Her room was draped in a ton of American things…
- American books translated into Italian
- A poster from the band Nirvana
- And a ton of other little neat things that I could recognize back home
I could see the bits and pieces she enjoyed from our culture and how it has influenced her mentality today. She was far from soft-spoken and ambitious. Elena’s perspective was different than the older Italian women that I’ve spoken to.
She wanted to work and work, while other women I spoke to had a more laidback, nonchalant work ethic. I told her she would probably enjoy America with her mindset and perseverance. As we started our discussion, I learned that she agreed with me.
“I don’t see a future here, for me, or my family.”
But, Elena had never been to America, how could she possibly know what it would be like? Her mother’s travels to Washington have given Elena all the insight and hope she could need.

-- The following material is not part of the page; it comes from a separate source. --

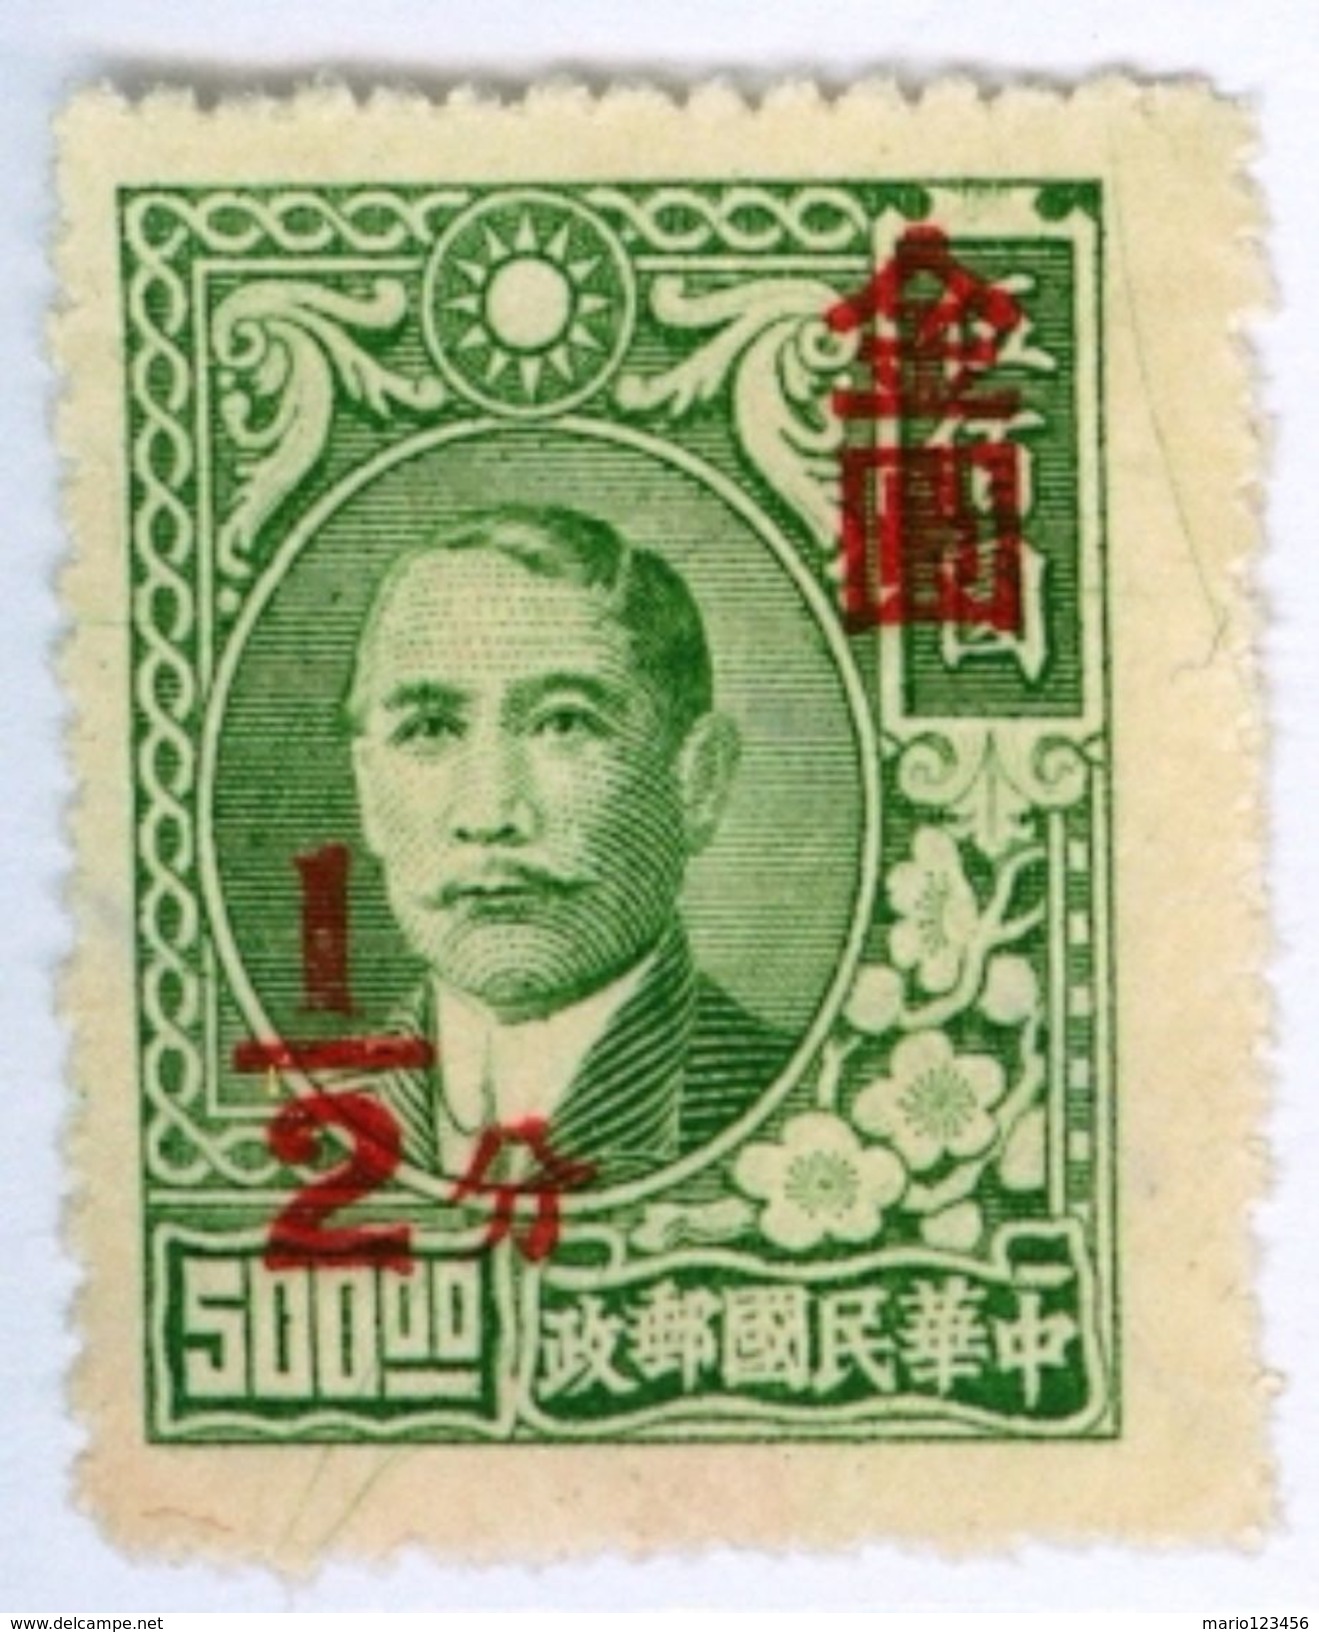 CINA, CHINA, COMMEMORATIVO, SUN YAT-SEN, 1948, FRANCOBOLLI NUOVI (MNG) Scott 822 - 1912-1949 Republic

“She (Elena’s cousin) has a family in Washington and my mom went there… she lived her dream, you know? To be a woman, to be considered a woman. Here, women are nothing. They treat you like you’re nothing. The men are the men and the women are nothing.”
This was mindboggling to me. It felt like I took a trip down memory lane in America’s history. Elena was experiencing same thing women in America felt, but years later. Women in America have definitely come a long way and I felt for Elena’s frustration.
Despite the negative factors that were pushing her further away from the Italian culture, she also had enthusiasm and hope in her possible future in America.
“Because I am very ambitious in life… I would like to write books and not just that, but I would like to make my own movies. Here in Italy there’s no university to become an important producer.”
Coming from a family of lawyers, professors, and doctors, she wanted something different. She yearned for an artistic outlet and wanted to do that through her passion of writing.
Even with her being one of the most outspokenly frustrated individuals I talked to, she had the most eagerness to do anything about it.
I describe this mentality as an American one and have nothing but respect for it.
It brought me an incredible amount of joy to see that a sense of individualism existed in a place of such social oppression in young Italian women. America is where it is today from the individuals as brave as Elena to think differently.
I found a piece of home (America) in Piazza Bologna and it’s in the form of hope.